Switching Away From the POSIX Engine
As of Adobe ColdFusion 2018, you can actually configure your ColdFusion application to use Java as the default RegEx engine by enabling the
useJavaAsRegexEngine setting. I haven't tested this specifically for this example; but, I assume it means that both outputs would become identical.
Hi Ben. I always use:
REReplaceNoCase(string,"[\s]+"," ", "ALL");
When I need to strip out new lines, tabs & carriage
Replacing with a single space doesn't tend to cause any harm.
The next Lucee release, 5.3.8 also supports using the java regex engine
That's not a bad idea. In my particular case, I wanted to keep the line-breaks in place because I was outputting HTML source code - and, I wanted to keep the "View Source" a bit more readable. But, yeah, I like your thinking there.
Nice nice nice! I just love Lucee :)
OK. I see. Yes. My method zaps all line breaks.
Dealing with regex over multiple lines can be a bit buggy, in my experience.
I must say, I never knew about:
I must use this setting sometime and see if I can finally apply regex over more than one line.
This has been a bugbear of mine for many years...
I also tried to run your code in TryCF.com and the Lucee CFML engine started to complain about a missing CFTRY tag?
In the end, I copied your code to cffiddle.org.
Now, cfffiddle.org only allows us to choose ACF CFML engine.
I had to change your code to the following before it worked:
<cfscript> content = arrayToList( [ "AAAAA", "BBBBB", "", " ", " #chr( 9 )# ", "", "CCCCC", " ", "", "DDDDD" ], chr( 10 ) ); patternText = "(?mx)^[\x20\x09]*\n"; result = content.reReplace( patternText, "", "all" ); javaResult = javaCast( "string", content ).replaceAll( patternText, "" ); WriteOutput( "<h3> POSIX (CFML) Result - reReplace() </h3>" ); WriteOutput( "<pre>#encodeForHtml( result )#</pre>" ); WriteOutput( "<h3> Java Result - .replaceAll() </h3>" ); WriteOutput( "<pre>#encodeForHtml( javaResult )#</pre>" ); </cfscript>
Whats interesting about all of this, is how much ACF has now diverged from Lucee!

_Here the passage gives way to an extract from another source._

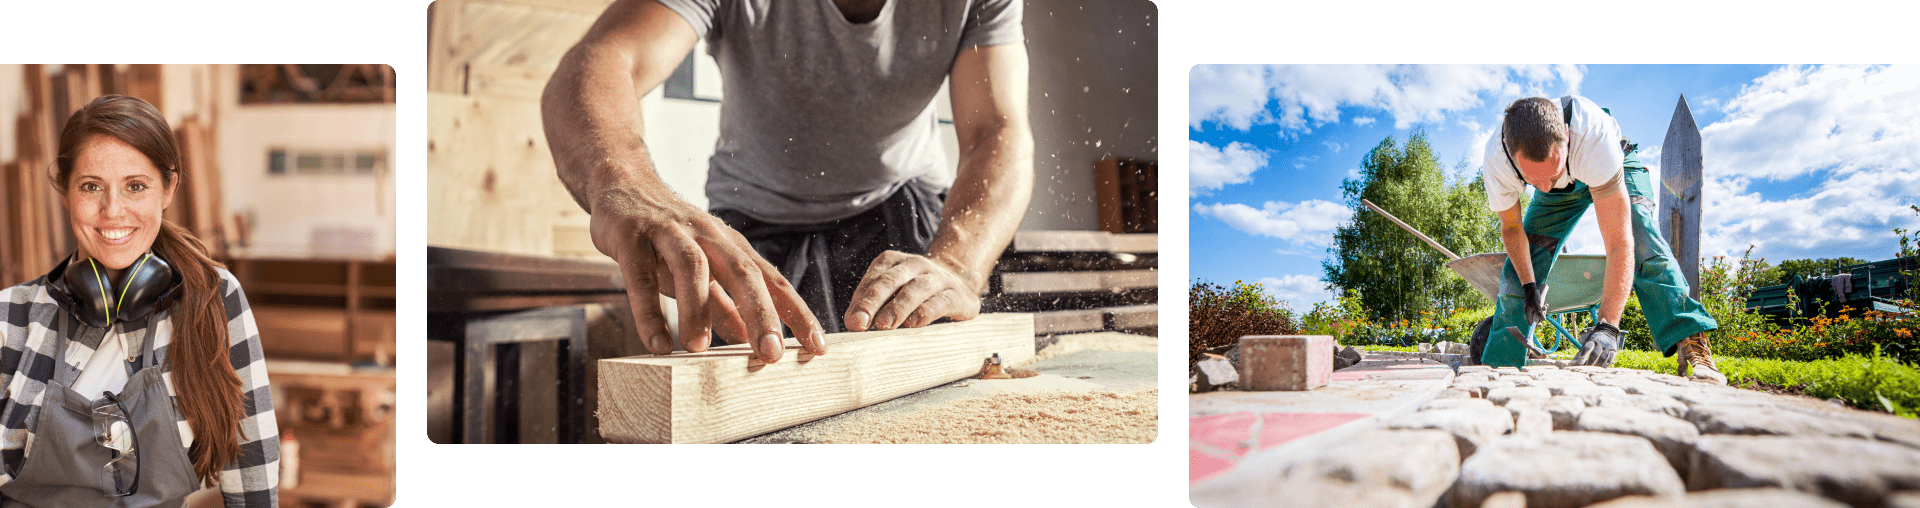 Stimmungsbild Design für Gewerke wie Holzbau und Landschaftsbau

Anyway, this has been a very useful exploration, and I am sure, at some point, I will need to strip out blank lines, using regex. So, thanks...

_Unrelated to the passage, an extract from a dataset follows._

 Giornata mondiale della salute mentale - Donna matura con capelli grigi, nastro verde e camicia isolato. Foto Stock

By the way, your results were emulated on cffiddle.org
To be clear the
(?) pattern is used to turn
pattern flags on and off. So, in this case
(?mx) is actually turning on two different flags:
m- Multiline matching mode.
x- Verbose / comment mode.
You can also turn on:
i- Case insensitive mode.
Which means that
reFindNoCase( "pattern" ) is
the same as
reFind( "(?i)patttern" ).
This is very cool.
const regex = new RegExp('[\s]+', 'igm');
But I never found out how to do this in ColdFusion? I know, I feel like an idiot;)
So, now, in ColdFusion, all I have to do is:
REReplaceNoCase("string", "(?m)patttern","replacement","ALL" ); // equivalent to -> igm REReplaceNoCase("string", "(?m)patttern","replacement","ONE" ); // equivalent to -> im REReplace("string", "(?m)patttern","replacement","ALL" ); // equivalent to -> gm REReplace("string", "(?m)patttern","replacement","ONE" ); // equivalent to -> m
To be fair, I am not sure whether Adobe have any docs on regex flags? It would be great, if you could publish a full list of Coldfusion regex flags in a reply.
This would be incredibly useful for future reference.
Here are the flags I found on regex101:
Dollar end only
When it comes to RegEx flags, you just have to be careful that they aren't universally supported. So, what works in the Java RegEx engine may not work in the POSIX RegEx engine. Always be sure to test!